• Problem: Check every line below for the word "Free" and copy each one that has it.

-*-

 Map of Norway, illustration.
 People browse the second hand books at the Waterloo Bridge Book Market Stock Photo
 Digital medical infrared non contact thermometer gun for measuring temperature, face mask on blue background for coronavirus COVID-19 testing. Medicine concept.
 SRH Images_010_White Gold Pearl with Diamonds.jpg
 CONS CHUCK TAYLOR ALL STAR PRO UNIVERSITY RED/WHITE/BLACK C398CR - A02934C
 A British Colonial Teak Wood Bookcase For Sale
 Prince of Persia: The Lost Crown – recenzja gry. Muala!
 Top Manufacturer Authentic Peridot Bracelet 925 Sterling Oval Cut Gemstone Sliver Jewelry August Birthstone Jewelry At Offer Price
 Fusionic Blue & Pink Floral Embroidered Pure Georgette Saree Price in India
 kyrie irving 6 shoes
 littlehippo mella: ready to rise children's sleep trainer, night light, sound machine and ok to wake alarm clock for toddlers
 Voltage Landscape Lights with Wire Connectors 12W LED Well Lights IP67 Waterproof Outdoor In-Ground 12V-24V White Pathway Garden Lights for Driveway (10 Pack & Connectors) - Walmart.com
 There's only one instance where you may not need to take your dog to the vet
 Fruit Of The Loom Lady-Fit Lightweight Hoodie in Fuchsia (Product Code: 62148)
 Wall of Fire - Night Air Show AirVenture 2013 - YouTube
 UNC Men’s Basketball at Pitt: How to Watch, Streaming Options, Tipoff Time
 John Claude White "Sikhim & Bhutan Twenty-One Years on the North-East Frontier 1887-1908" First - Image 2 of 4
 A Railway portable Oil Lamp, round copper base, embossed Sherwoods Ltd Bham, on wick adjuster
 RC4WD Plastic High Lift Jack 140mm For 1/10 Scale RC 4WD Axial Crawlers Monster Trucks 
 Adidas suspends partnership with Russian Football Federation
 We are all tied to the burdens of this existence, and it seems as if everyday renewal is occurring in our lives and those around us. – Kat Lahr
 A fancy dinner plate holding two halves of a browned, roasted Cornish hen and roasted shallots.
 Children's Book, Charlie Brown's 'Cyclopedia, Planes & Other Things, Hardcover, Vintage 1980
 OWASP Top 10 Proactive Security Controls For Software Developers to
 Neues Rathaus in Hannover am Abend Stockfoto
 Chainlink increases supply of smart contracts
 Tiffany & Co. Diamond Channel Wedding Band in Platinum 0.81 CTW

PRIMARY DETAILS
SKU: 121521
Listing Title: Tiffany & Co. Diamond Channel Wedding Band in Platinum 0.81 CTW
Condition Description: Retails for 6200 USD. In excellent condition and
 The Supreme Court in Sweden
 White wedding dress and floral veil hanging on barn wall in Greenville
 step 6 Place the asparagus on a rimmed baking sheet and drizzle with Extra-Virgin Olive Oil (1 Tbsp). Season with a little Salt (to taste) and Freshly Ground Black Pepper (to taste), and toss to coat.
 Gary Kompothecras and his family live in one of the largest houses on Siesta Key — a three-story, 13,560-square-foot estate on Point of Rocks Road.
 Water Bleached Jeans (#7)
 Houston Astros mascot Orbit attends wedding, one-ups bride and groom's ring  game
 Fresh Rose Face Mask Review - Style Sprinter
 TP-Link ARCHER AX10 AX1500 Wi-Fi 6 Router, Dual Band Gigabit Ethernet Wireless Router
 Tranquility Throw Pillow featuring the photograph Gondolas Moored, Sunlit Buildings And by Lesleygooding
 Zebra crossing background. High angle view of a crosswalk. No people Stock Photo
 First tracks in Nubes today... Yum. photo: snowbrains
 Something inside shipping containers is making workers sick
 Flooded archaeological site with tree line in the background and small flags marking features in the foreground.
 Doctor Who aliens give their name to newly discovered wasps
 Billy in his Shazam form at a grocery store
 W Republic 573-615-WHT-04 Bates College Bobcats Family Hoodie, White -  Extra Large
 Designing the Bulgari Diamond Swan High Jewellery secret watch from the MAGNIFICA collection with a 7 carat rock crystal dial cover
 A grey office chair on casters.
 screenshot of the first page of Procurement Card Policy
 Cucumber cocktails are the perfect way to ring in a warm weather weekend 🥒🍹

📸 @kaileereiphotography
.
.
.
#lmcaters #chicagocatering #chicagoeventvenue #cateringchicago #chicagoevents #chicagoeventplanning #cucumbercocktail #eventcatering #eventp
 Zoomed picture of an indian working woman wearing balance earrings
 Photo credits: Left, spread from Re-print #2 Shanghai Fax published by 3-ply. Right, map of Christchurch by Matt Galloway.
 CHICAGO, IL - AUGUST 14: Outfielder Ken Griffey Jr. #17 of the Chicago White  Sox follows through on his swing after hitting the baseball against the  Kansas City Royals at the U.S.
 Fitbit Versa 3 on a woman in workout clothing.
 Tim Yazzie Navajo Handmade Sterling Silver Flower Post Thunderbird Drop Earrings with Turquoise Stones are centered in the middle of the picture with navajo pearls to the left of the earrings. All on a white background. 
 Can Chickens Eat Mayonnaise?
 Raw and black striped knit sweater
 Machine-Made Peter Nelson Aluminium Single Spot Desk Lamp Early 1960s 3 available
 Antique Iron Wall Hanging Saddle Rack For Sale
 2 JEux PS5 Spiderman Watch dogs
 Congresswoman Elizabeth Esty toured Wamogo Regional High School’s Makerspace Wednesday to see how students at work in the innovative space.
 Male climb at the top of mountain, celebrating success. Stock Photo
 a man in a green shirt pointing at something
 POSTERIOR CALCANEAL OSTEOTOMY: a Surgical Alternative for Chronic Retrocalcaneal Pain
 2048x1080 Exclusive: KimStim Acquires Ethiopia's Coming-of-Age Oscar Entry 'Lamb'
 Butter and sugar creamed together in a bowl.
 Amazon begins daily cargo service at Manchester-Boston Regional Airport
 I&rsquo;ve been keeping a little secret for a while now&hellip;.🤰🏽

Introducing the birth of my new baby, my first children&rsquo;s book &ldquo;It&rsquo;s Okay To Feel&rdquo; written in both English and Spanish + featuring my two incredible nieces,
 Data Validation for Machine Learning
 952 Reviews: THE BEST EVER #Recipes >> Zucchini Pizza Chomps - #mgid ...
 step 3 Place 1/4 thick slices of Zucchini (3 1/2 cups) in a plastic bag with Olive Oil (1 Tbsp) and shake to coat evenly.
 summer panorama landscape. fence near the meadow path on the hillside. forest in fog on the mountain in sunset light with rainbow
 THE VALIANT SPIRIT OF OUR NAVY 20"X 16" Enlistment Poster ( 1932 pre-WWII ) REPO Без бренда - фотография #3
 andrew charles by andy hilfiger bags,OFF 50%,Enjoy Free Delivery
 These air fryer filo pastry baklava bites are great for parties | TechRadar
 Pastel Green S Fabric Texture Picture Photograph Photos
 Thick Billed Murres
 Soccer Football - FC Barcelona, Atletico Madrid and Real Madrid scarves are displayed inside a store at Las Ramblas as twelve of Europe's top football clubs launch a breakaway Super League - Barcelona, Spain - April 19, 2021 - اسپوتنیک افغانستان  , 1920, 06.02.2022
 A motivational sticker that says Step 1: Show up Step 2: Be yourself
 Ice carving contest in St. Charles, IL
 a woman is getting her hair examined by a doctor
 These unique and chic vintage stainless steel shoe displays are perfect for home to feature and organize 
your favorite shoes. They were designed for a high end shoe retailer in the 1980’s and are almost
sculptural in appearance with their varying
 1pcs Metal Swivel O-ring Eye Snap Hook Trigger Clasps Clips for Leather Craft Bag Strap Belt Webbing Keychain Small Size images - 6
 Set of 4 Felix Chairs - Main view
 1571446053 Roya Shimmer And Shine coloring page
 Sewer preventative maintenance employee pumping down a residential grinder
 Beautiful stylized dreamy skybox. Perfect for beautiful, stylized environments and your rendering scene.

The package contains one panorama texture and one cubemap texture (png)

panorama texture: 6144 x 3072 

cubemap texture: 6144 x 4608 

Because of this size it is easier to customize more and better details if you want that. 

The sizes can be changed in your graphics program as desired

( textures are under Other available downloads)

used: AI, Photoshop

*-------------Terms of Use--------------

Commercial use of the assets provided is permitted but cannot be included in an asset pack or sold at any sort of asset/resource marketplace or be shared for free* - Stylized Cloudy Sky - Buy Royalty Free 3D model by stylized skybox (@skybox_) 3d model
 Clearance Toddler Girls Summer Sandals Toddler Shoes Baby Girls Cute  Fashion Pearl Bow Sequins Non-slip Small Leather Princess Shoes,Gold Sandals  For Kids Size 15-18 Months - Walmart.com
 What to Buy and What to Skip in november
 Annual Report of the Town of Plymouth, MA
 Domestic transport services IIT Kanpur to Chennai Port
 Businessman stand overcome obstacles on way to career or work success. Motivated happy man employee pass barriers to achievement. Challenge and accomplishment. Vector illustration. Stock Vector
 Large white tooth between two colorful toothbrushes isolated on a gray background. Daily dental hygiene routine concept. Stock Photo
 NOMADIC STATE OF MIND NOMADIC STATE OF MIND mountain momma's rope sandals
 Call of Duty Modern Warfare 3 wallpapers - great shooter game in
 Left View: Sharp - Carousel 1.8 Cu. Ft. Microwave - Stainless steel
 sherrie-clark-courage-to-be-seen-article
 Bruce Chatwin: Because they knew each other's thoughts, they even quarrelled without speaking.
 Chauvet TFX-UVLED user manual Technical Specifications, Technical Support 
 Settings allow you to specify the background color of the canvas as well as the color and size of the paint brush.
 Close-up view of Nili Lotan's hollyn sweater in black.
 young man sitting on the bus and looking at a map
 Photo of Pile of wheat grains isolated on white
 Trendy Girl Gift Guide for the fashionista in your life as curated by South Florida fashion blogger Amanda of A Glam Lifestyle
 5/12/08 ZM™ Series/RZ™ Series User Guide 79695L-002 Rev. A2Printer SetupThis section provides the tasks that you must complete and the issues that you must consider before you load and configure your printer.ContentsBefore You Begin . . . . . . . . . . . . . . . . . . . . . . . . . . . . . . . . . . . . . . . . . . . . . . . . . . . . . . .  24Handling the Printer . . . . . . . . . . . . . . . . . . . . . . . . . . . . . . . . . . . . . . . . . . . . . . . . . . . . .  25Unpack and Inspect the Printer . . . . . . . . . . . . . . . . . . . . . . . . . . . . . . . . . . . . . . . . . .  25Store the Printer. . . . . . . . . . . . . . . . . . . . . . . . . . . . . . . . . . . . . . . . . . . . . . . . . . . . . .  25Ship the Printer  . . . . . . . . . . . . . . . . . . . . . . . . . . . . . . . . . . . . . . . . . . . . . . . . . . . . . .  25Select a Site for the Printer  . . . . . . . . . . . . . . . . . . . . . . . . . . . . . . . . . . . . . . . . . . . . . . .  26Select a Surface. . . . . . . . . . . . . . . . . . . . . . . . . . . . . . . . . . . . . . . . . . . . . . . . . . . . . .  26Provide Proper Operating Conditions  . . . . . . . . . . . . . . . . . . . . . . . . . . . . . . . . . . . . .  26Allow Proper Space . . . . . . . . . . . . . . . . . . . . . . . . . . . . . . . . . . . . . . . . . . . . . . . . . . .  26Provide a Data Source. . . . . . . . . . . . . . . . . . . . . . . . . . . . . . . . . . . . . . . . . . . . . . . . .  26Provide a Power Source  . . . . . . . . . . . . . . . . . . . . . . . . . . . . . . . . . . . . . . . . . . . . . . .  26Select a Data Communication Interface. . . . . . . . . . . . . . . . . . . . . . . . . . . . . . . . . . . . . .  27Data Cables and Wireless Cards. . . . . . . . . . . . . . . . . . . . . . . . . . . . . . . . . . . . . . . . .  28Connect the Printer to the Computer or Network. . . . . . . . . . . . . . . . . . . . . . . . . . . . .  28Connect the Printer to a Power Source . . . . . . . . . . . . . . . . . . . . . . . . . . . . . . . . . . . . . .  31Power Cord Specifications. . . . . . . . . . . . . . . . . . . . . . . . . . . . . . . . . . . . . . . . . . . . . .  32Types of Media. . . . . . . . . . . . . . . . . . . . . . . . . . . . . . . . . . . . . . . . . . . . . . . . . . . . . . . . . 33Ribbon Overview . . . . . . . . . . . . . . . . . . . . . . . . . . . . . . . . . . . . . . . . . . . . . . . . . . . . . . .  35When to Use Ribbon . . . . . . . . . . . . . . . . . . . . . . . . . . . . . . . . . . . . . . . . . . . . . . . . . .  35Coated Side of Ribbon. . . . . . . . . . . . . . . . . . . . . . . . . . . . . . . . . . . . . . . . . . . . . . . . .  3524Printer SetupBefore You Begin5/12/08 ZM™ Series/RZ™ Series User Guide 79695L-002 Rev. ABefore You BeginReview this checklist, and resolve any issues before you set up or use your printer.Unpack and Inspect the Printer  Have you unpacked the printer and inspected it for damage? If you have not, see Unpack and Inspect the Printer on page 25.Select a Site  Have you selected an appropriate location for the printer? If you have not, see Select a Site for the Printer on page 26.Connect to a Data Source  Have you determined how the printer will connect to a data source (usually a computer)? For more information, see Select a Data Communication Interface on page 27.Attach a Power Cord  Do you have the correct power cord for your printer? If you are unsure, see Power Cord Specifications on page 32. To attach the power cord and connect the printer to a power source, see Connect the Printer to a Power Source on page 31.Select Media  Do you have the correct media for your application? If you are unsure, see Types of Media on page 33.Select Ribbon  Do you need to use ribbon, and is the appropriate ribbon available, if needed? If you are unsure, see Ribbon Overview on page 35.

-*-

• Response to this task:
 andrew charles by andy hilfiger bags,OFF 50%,Enjoy Free Delivery
Commercial use of the assets provided is permitted but cannot be included in an asset pack or sold at any sort of asset/resource marketplace or be shared for free* - Stylized Cloudy Sky - Buy Royalty Free 3D model by stylized skybox (@skybox_) 3d model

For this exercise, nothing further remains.